Paul and Kevin-The red and yellow almost seem like a fungus or?? because if you look at endgrain shot you can see layers of the color. But that is just a wild guess. I will see if there is more in pile. Probably 10 different kinds-only one of which I think I have a clue as to ID- Jatoba-quite a few peices. Thanks for looking.


----------



## Kevin (Jan 29, 2012)

mike1950 said:


> The red and yellow almost seem like a fungus or??...

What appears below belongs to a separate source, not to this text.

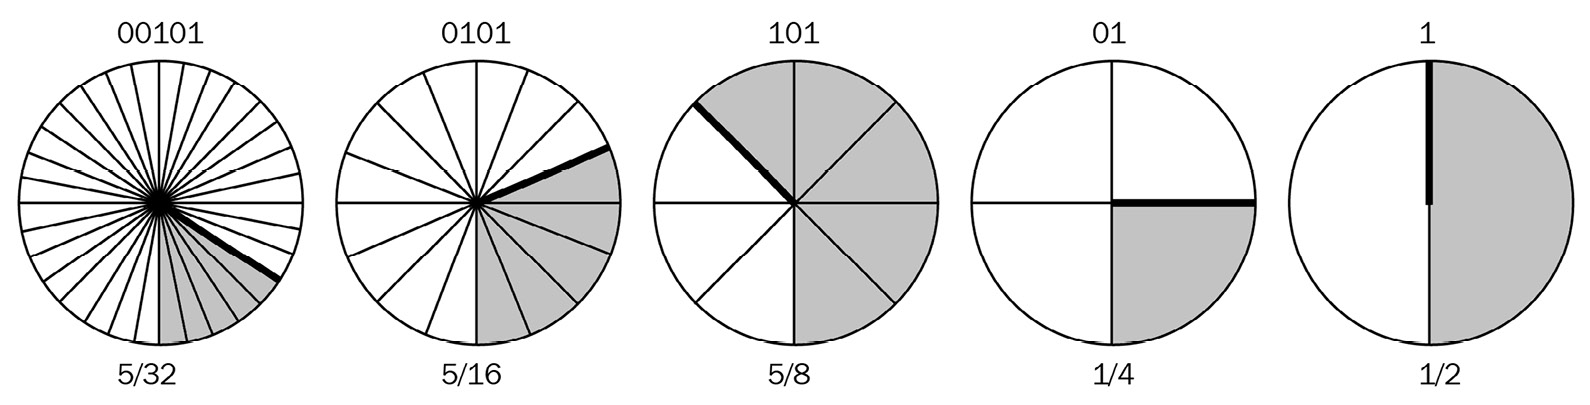 Figure 7.11 – Representation of 5 on incrementally smaller bit circles, starting with 5 bits
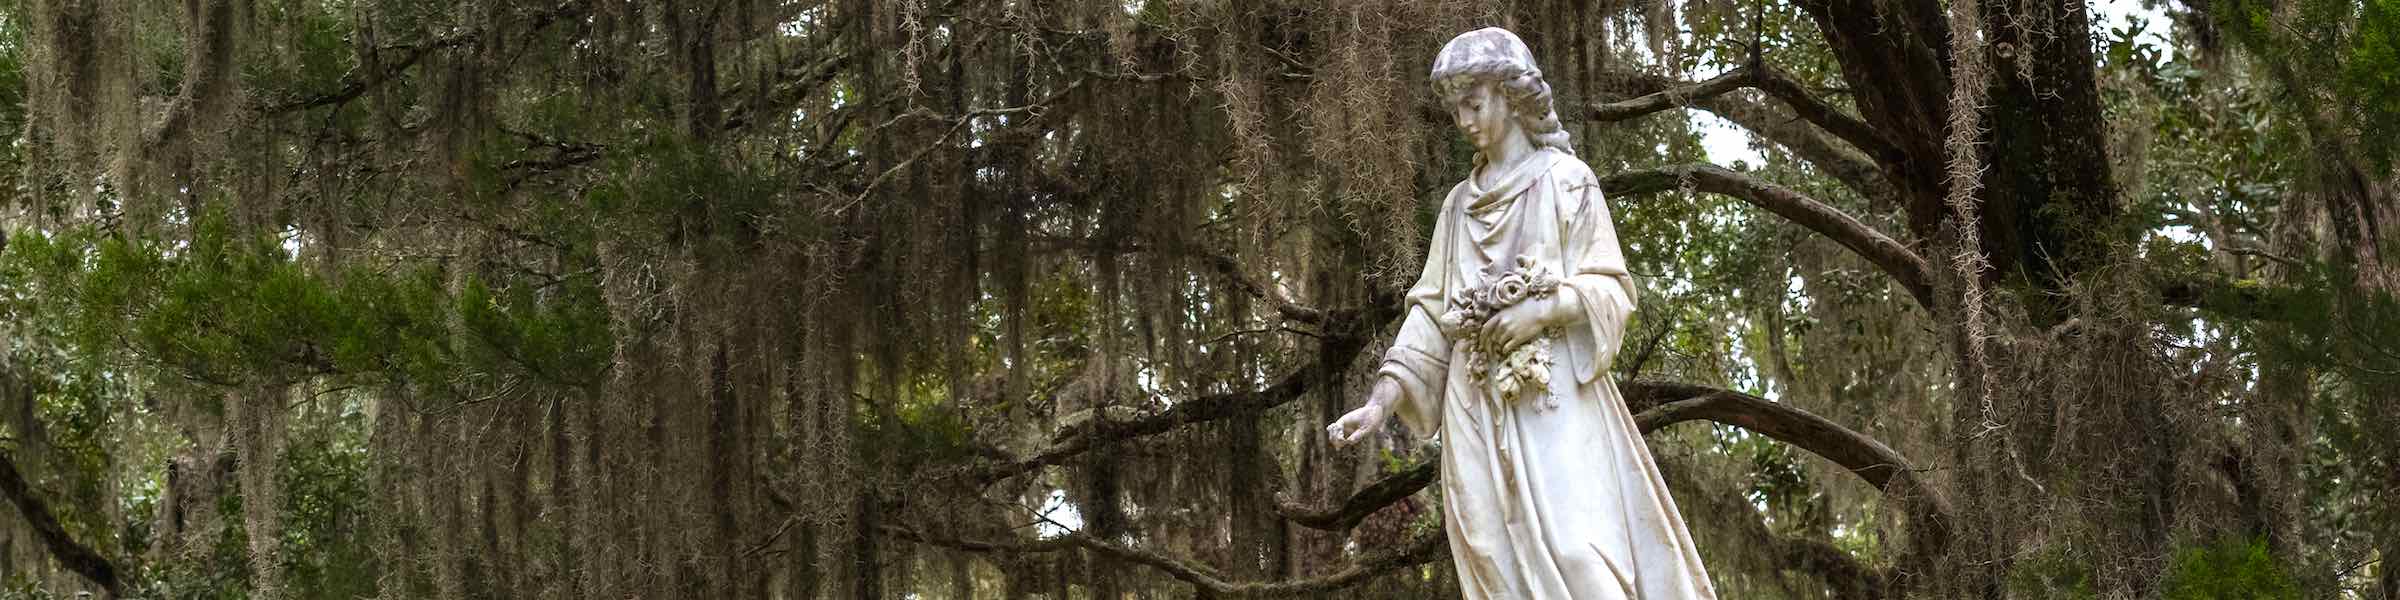 Statue depicting a standing woman in a historic Savannah, GA cemetery.

It crossed my mind to mention that to the guy I emailed the pics to, but I didn't want to prejudice his view so I didn't mention it. It doesn't look like any kind of fungus I've ever seen, but if it is only on, and just below the surface, it could very well be a fungal stain. 


.


----------



## Mike1950 (Jan 29, 2012)

Fungus was just a guess. End grain shot was sanded to 180-seems like yellow and red are in layer at top and bottom but also interspersed thru out. I cut about 4 inches off of end thinking that maybe something had been put on rough boards. Mother nature provides us with infinite variety and many questions without answers?????


----------



## phinds (Jan 29, 2012)

If you were to reverse the amounts of red and white, I'd say it might be white rot fungus, but I think there's too much white in this case for that to be it.


----------



## Mike1950 (Feb 3, 2012)

Ok Roy where is Beli yellow from :dash2::dash2: and what do my teeth have to do with It


----------



## Burl Source (Feb 5, 2012)

mike1950 said:


> The red and yellow almost seem like a fungus or??



Hawaiian Mango gets a similar orange colored fungus sometimes.
This photo is not a good example because the wood only has a slight touch of the fungus. I am just using it to show I'm not crazy.
http://i901.Rule #2/albums/ac219/burlsource/feb12/rw006.jpg


----------